When that first permit was filed 119 years ago, the Peak’s Suburban Addition house was intended to be the home of a surgeon at the nearby Baylor Hospital. As is the tale of many big, old East Dallas estates, the house was converted into a women’s boarding house at some point in its history. (The men stayed next door.) It reverted back to a single-family residence for a period, before it was turned into a bed and breakfast in 2000. It operated as The Corinthian Bed & Breakfast for more than 20 years until it was sold again in 2022. The current owners have run it as a short-term rental, but its new owners could convert it into whatever they want, Oliver says. 

“The thing that makes this house really special is that it could be a lot of different things,” she says. It still has a special use permit through 2027 to be a bed and breakfast. (The current owner is willing to sell it fully furnished, including the linens and cookware.) It’s only about 10 minutes from downtown, Uptown, and Deep Ellum. “It’s a really nice central location to be able to get to a lot of really cool parts of town,” Oliver says.

It’s also in a planned development district, so if you wanted to use the house a business, it wouldn’t be too hard, Oliver says. You’d be amongst peers—there are several churches and businesses, like an Aldi’s and another bed and breakfast, on the block. Baylor is still close. But if you wanted to convert it back to a single-family home, there are plenty of those nearby as well. 

No matter its future use, the home has heaps of turn-of-the-century character. Oliver loves the huge windows, the columns, the woodwork, and the pocket doors. Sliding into walls instead of swinging out, pocket doors were popular in that era. They gave the doorways “more of an open feel,” but you could still slide them closed to “to feel more intimate,” she says. 

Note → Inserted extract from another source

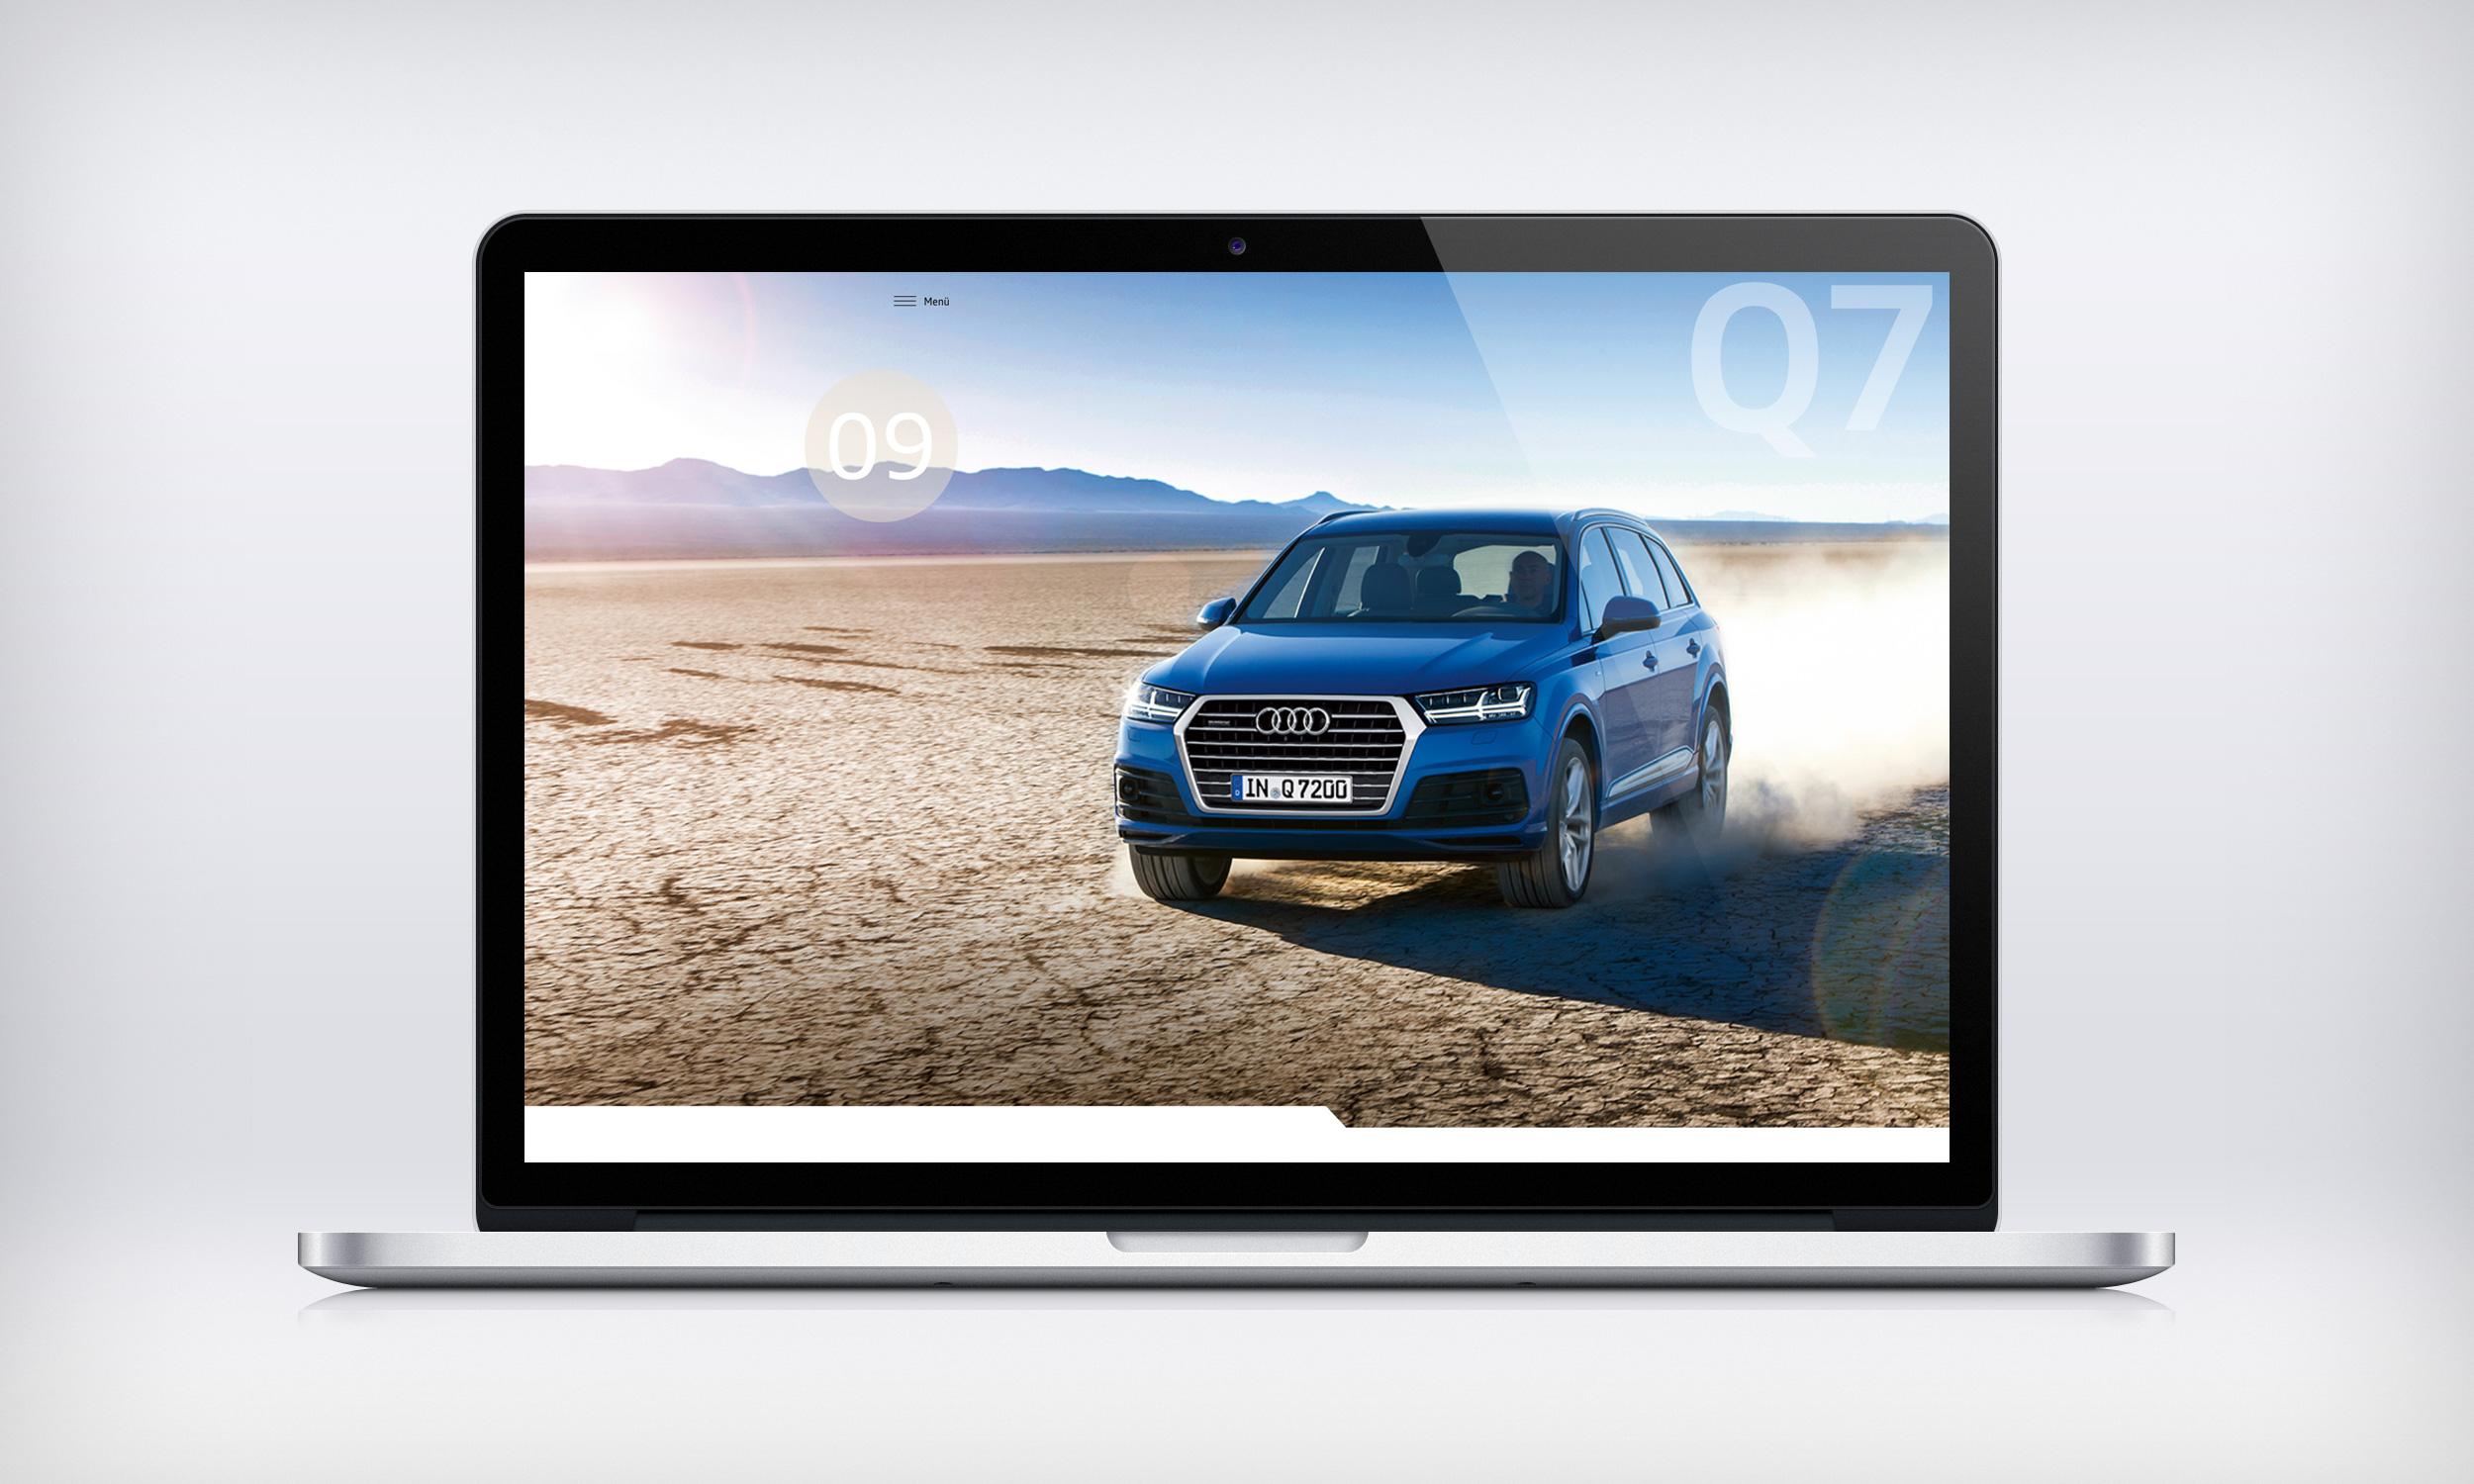 MacBook-Pro-mockup_04.jpg
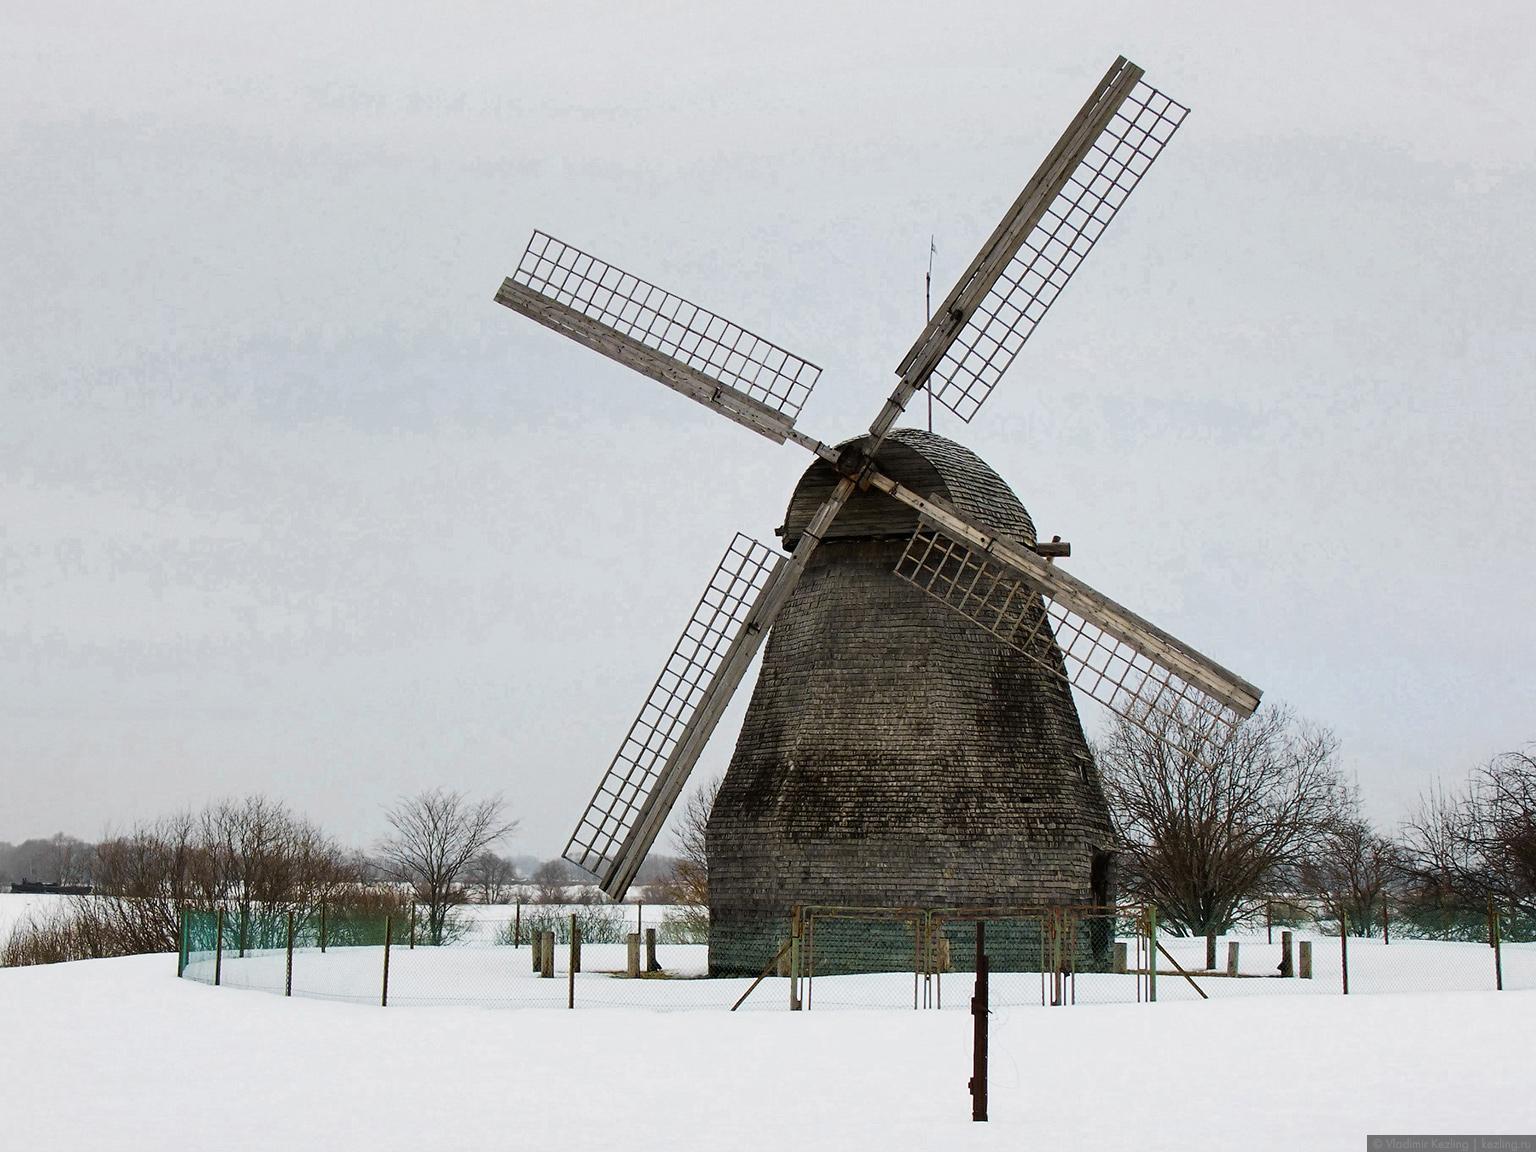 Зимний Новгород. Окрестности

The property has been painstakingly restored over the years. After they bought it in 2000, the bed and breakfast owners gutted and redid the whole house. They added on and expanded the kitchen and back family room. Previously, the floors were carpeted and the pocket doors and wood casings were painted white, so they hand sanded it all and restored all the original wood. The showpiece is the ornate inlay floors in the foyer. “They’re just spectacular when you walk in and look down,” Oliver says. They also renovated the carriage house in the backyard, converting it into two separate apartments. 

The current owners also did their own renovations. They redid the primary bathroom and expanded the back porch. They repainted the exteriors and repainted some of the interiors, changed many of the wallpapers, and ripped out the carpet on the stairs and second-floor landing. They also switched out and modernized some of the furnishings, like the rugs. 

All that work has brought the home back “to its original glory,” Oliver says. It’s a house that people don’t just build anymore.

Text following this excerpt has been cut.